I kept wondering why the equal rejected fact is mentioned. Couldn't figure it out. I'm not too sure this method is correct. Verify it from someone.
 
TeddyLu said:
therefore, QH = QC1 + QC2 will turn into
QH = 2QC
How did you get this? What happened to W?

You can use the 1st and 2nd laws to solve this problem. The answer is a function of all three temperatures, as you might guess.
I would start from 1st principles rather than attempt to squeeze the Carnot law into the problem. A Carnot cycle runs between 2 temperatures only, by definition.
 
@siddharth23
Thank you for your reply! I found out that rude man's suggestion below helped with finding the answer to my question.

@rude man
Thank you also for your reply. To answer your question, I used the entropy balance equation to comes to that conclusion. There was no W stated so I excluded it from the problem.
I followed your instructions and was able to formulate an equation to find out the maximum carnot efficiency. The use of all three temperatures and made sure to take half of the heat rejected (QC1 & QC2) and solved for QC/QH to plug back into my equation for the carnot efficiency.
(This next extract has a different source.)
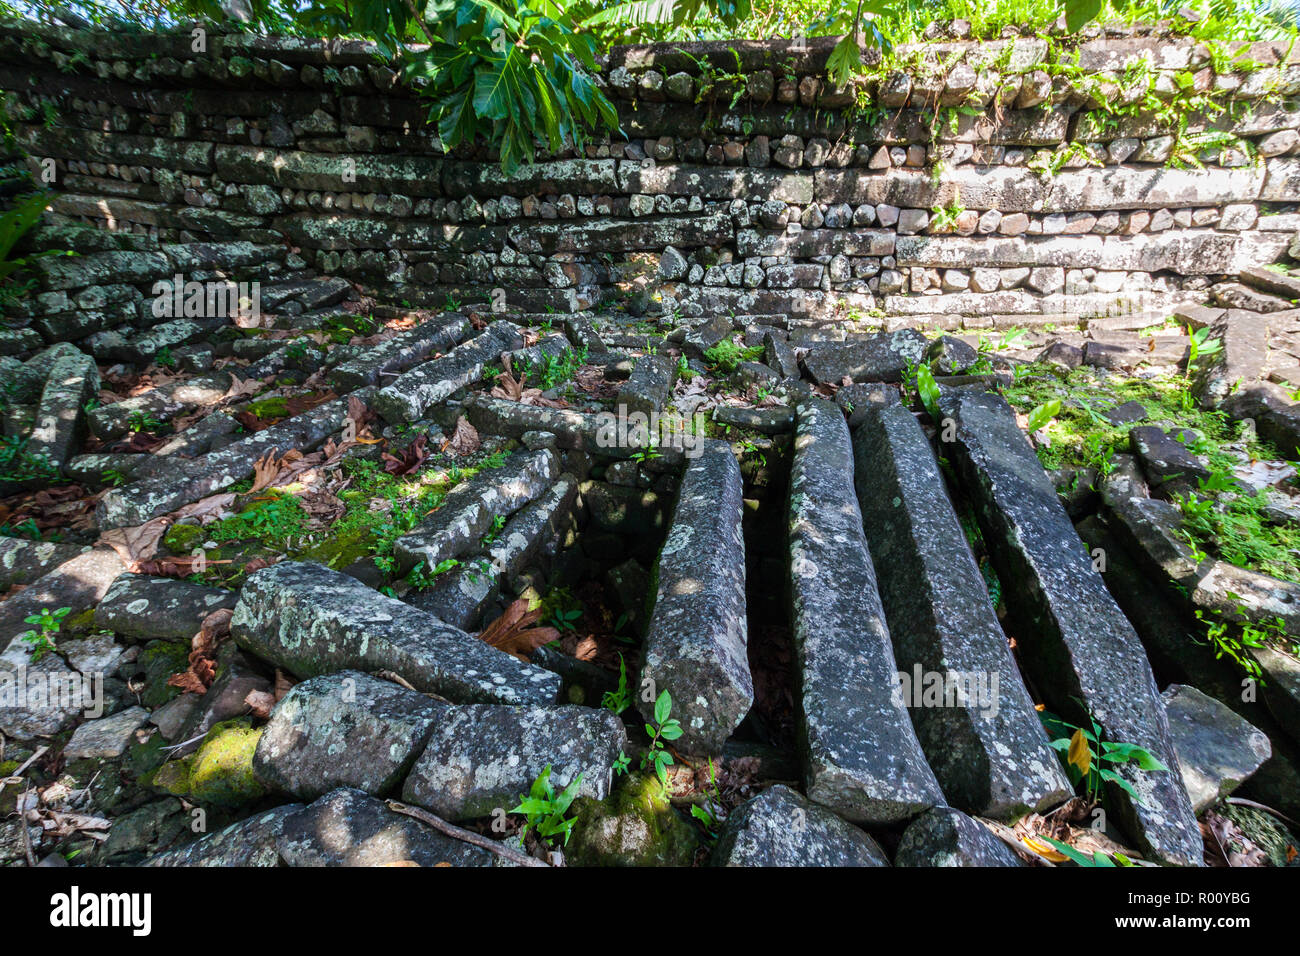 Inside Nan Madol: walls, and secret underground room made of large basalt slabs, overgrown ruins in the jungle, Pohnpei, Micronesia, Oceania Stock Photo
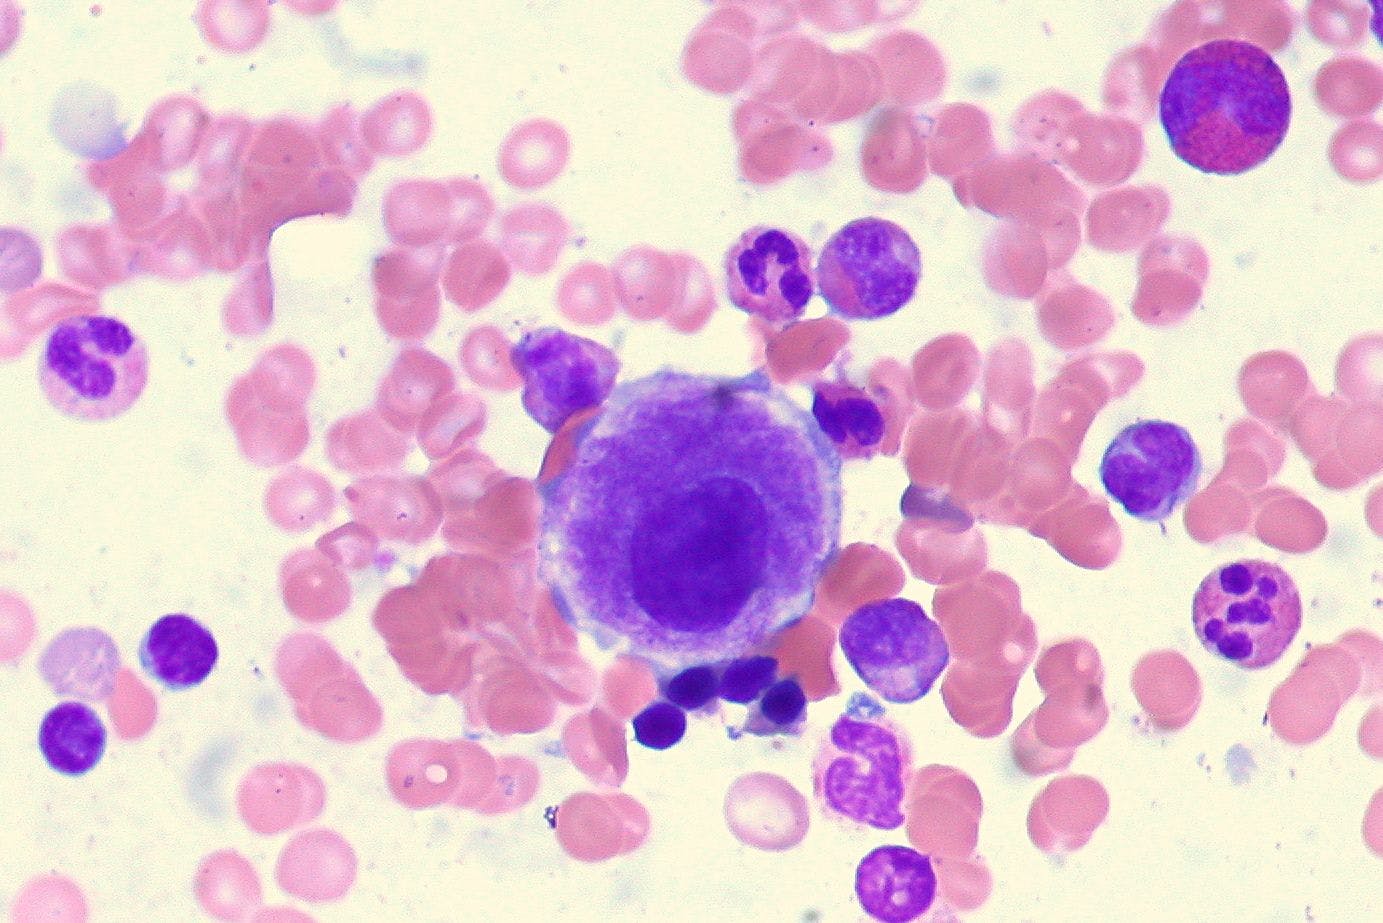 "Luspatercept is the first and only therapy to demonstrate superiority in a head-to-head study against ESAs in transfusion-dependent lower-risk MDS, [and this should be] considered a paradigm shift in the treatment of lower-risk MDS–associated anemia," according to an expert from The University of Texas MD Anderson Cancer Center.

Appreciate all the help for this problem!
 
TeddyLu said:
@siddharth23
Thank you for your reply! I found out that rude man's suggestion below helped with finding the answer to my question.

@rude man
Thank you also for your reply. To answer your question, I used the entropy balance equation to comes to that conclusion. There was no W stated so I excluded it from the problem.
I followed your instructions and was able to formulate an equation to find out the maximum carnot efficiency. The use of all three temperatures and made sure to take half of the heat rejected (QC1 & QC2) and solved for QC/QH to plug back into my equation for the carnot efficiency.

Appreciate all the help for this problem!
Good. So what was your answer?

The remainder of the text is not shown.